Their documentation is pretty obscure, and your results agree, as I say, with the way that the SPI interface works. This is my SPI code, and it reads two bytes:

// for parity checks
const unsigned int masks [16] = { 
      0x01, 0x02, 0x04, 0x08, 
      0x10, 0x20, 0x40, 0x80, 
      0x100, 0x200, 0x400, 0x800, 
      0x1000, 0x2000, 0x4000, 0x8000 };

unsigned int AS5048A::Transfer (const unsigned int command)
  {
  byte hi, lo;

  SPI.setDataMode (SPI_MODE1);
  digitalWrite (chipSelect_, LOW);
  hi = SPI.transfer (highByte (command));
  lo = SPI.transfer (lowByte (command));
  digitalWrite (chipSelect_, HIGH);
   
  unsigned int result = makeWord (hi, lo);
  
  // calculate parity
  byte parity = 0;
  for (byte i = 0; i < 16; i++)
    {
    if (result & masks [i])
      parity++;
    }
  // even parity, so low-order bit should be zero
  if (parity & 1)
    {
    parityFlag_ = true;
    errorFlag_ = false;  // we actually don't know the error flag state
    }
  else
    {
    parityFlag_ = false;
    errorFlag_ = (result & EF) != 0;
    }
  return result;
    
  } // end of AS5048A::Transfer

Thanks Nick.
As usual you are such an asset to this forum.
So it seems my output must be correct then.

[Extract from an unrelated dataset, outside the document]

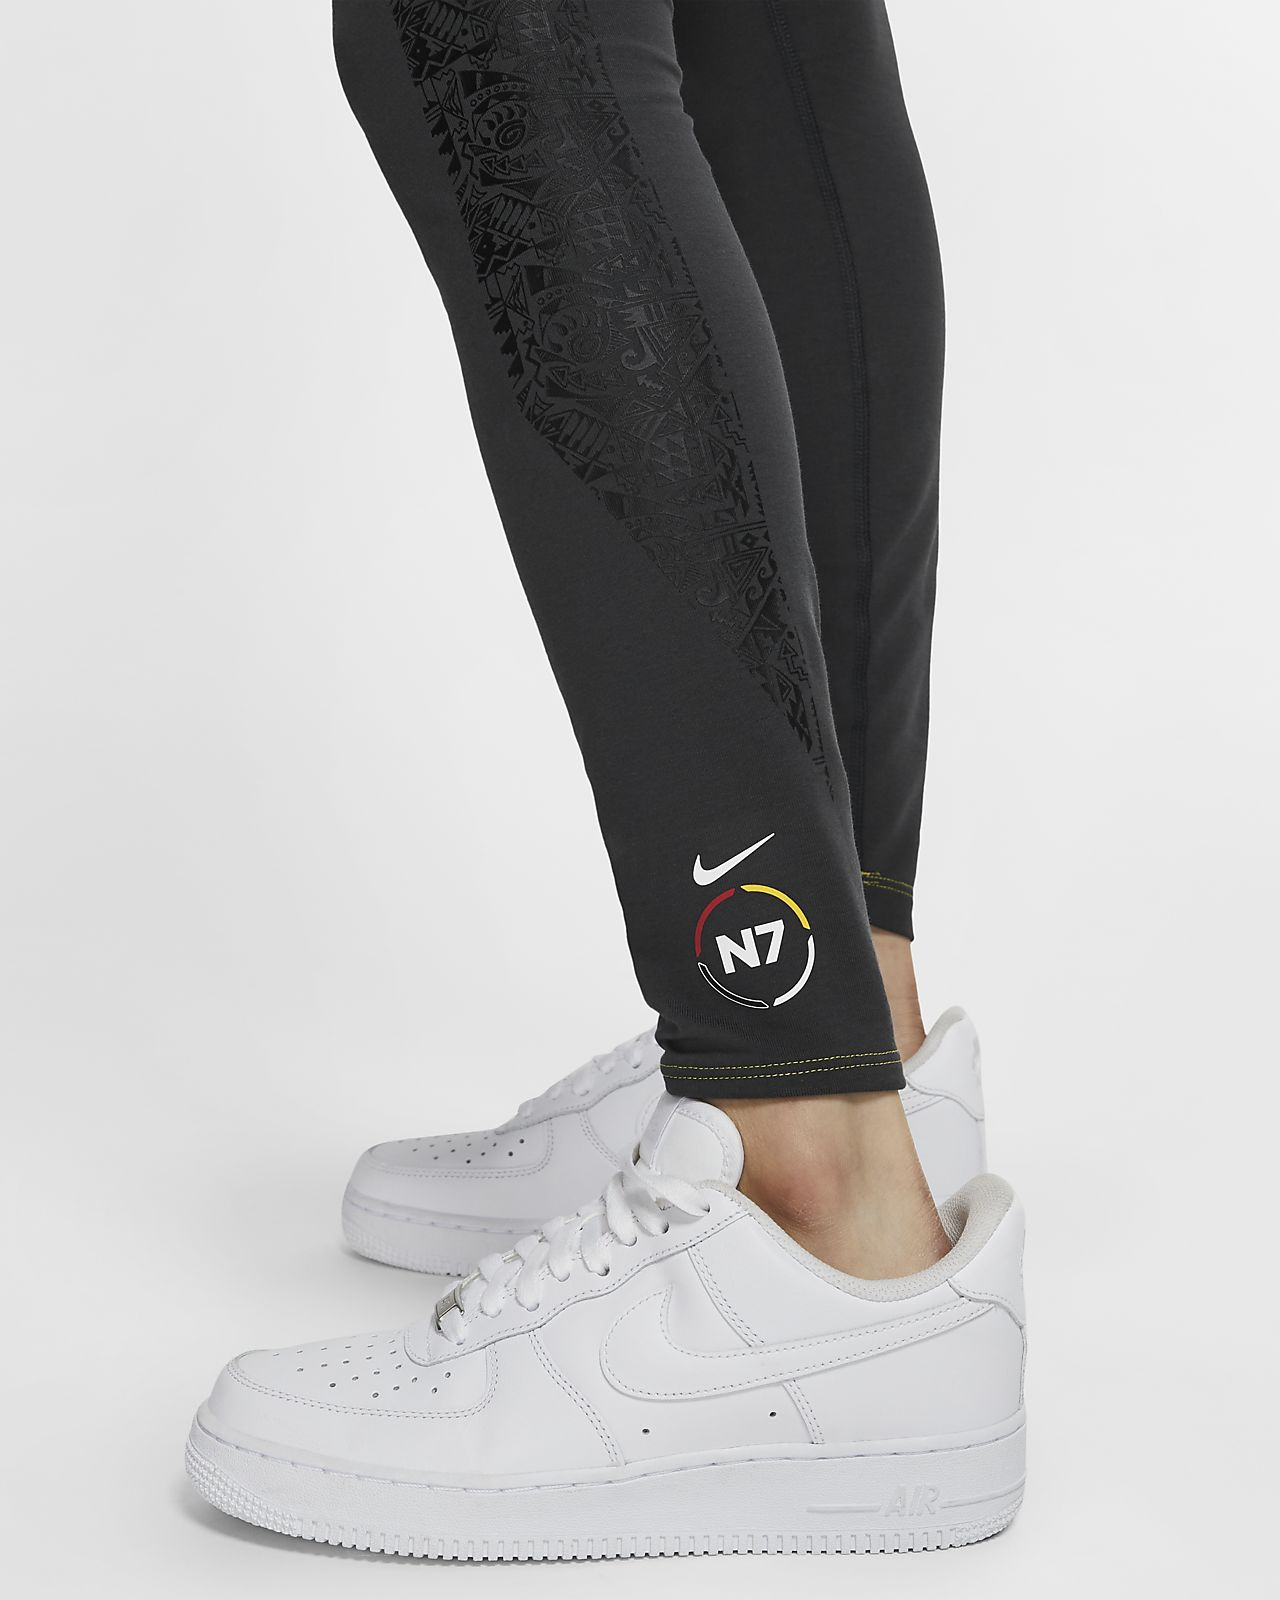 0ec1fdb9 Nike Sportswear N7 Leg-A-See Women's High-Waisted Tights
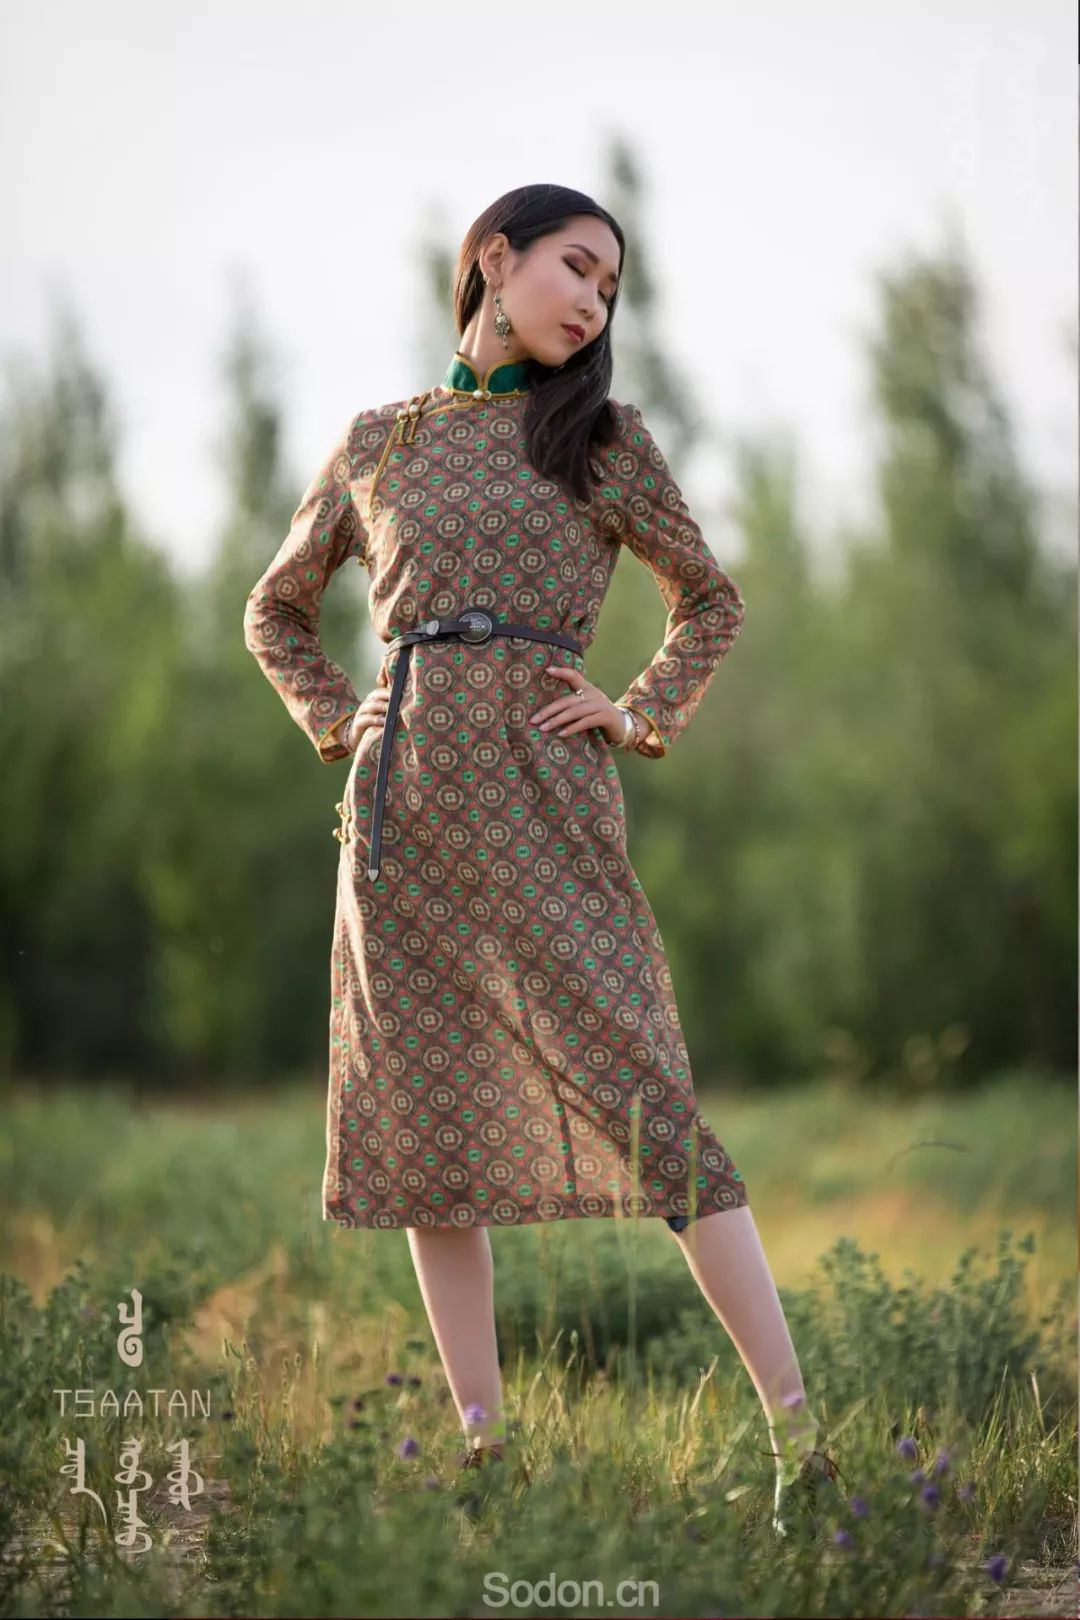 TSAATAN蒙古时装 2019夏季新款首发 第23张

It sure seems correct as I rotate the magnet.
Does your I2C Scanner find your device?

Lsnyman:
Thanks Nick.
As usual you are such an asset to this forum.
So it seems my output must be correct then. It sure seems correct as I rotate the magnet.
Does your I2C Scanner find your device?

Thanks!

No, in my case it was configurecd as an SPI device (and soldered onto a board that I can't change). I'm a little surprised that the scanner doesn't find it, however if the figures are correct presumably it is there.